Recycled Archean sulfur in the mantle wedge of the Mariana Forearc and microbial sulfate reduction within an extremely alkaline serpentine seamount

The identification of microbial activity under extreme conditions is important to define potential boundaries of the habitable and uninhabitable zones of terrestrial and extraterrestrial living forms. The subseafloor regimes of serpentinite seamounts in the Mariana Forearc are among the most extreme environments for life on earth owing to the widespread presence of highly alkaline fluids with pH values greater than 12. The potential activity of sulfate-reducing microorganisms has been suggested within the South Chamorro serpentinite seamounts on the basis of depletion of sulfate and enrichment of dissolved sulfide in pore water.

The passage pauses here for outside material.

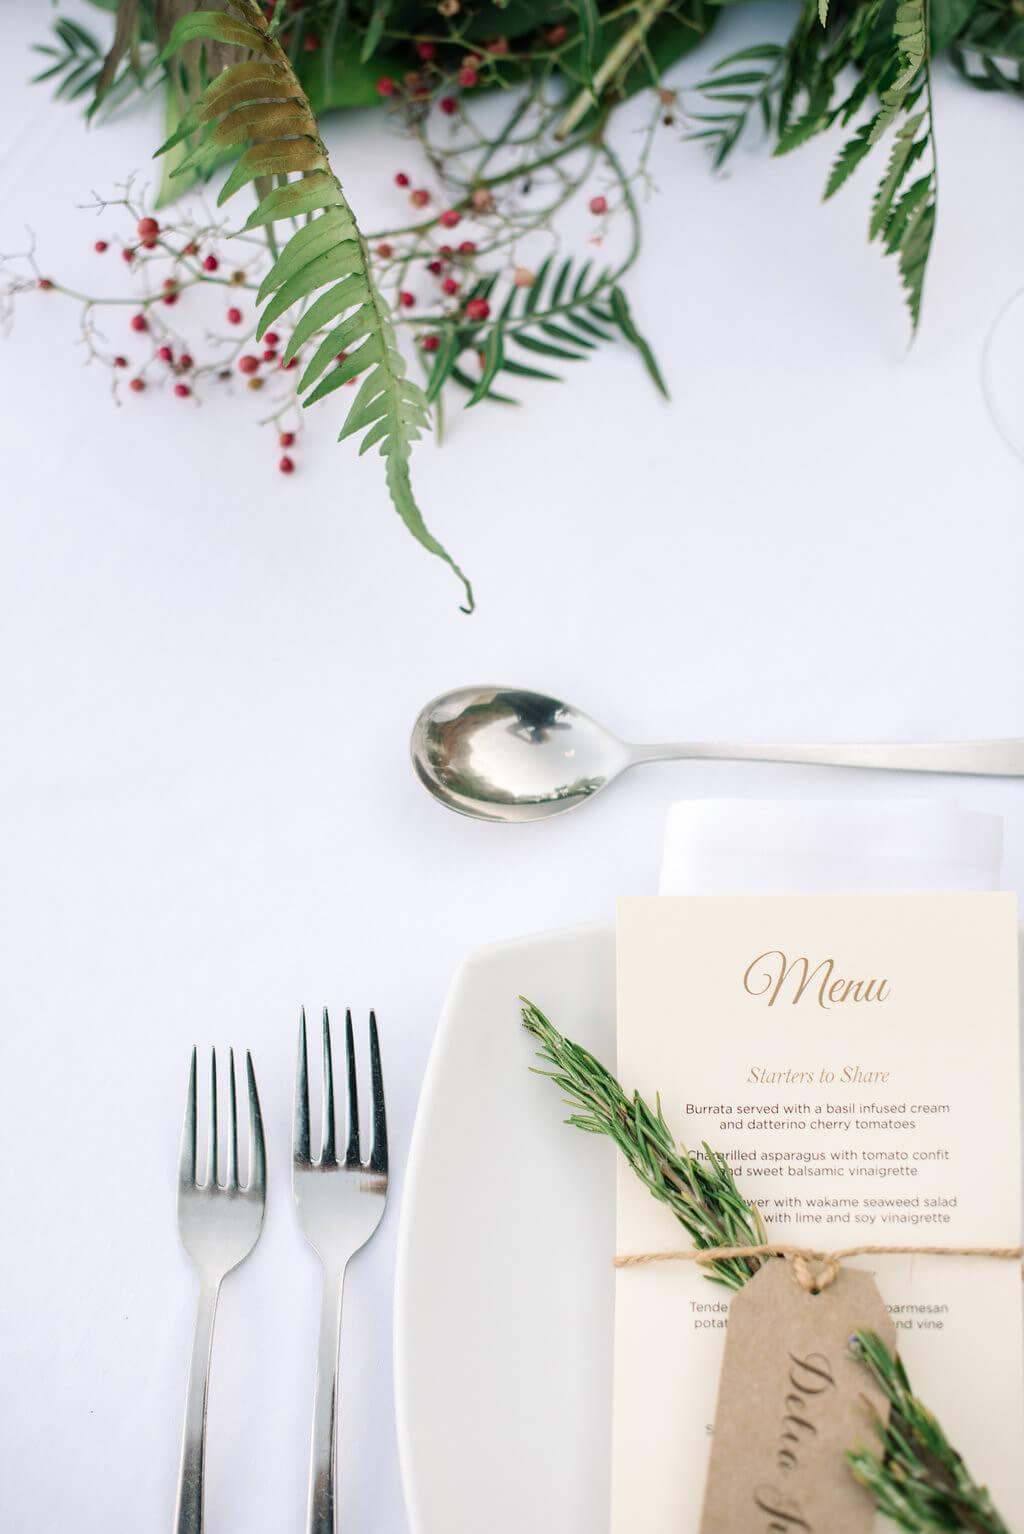 https://www.white-ibiza.com/wp-content/uploads/2020/03/ibiza-wedding-venues-amante-ibiza-2020-07.jpg

However, the vertical distribution of sulfate-reducing microorganisms and the origin of sulfate are still uncertain. To address these issues, we analyzed quadruple sulfur isotopes of sulfide minerals and pore water sulfate in the upper 56 m of sedimentary sequences at the summit of the S. Chamorro Seamount and those of dissolved sulfate in upwelling fluids collected as deep as 202 mbsf (meters below the seafloor) in a cased hole near the summit of the same seamount. The depth profiles of the concentrations and the δ34S and Δ33S′ values of sulfide minerals and pore water sulfate indicate microbial sulfate reduction as deep as 30 mbsf. Further, apparent isotopic fractionations (ε34) and exponents of mass dependent relationships (λ33) during sulfate reduction are estimated to be 62 ± 14‰ and 0.512 ± 0.002, respectively. The upwelling fluids show both the chlorine depletion relative to seawater and the negative δ15N values of ammonia (−4‰). Although these signatures point to dehydration of the subducting oceanic plate, the negative Δ33S′ values of sulfate (−0.16‰ to −0.26‰ with analytical errors of ±0.01‰) are unlikely to originate from surrounding modern crusts. Instead, sulfate in the upwelling fluid likely possess non-mass-dependent (NMD) sulfur. Because NMD sulfur was produced primarily in the Archean atmosphere, our results suggest that the presence of recycled Archean crust that could be incorporated into the upper mantle through subduction of Archean oceanic crusts or from the NMD-bearing OIB seamounts located in the southern margin of the Pacific Plate.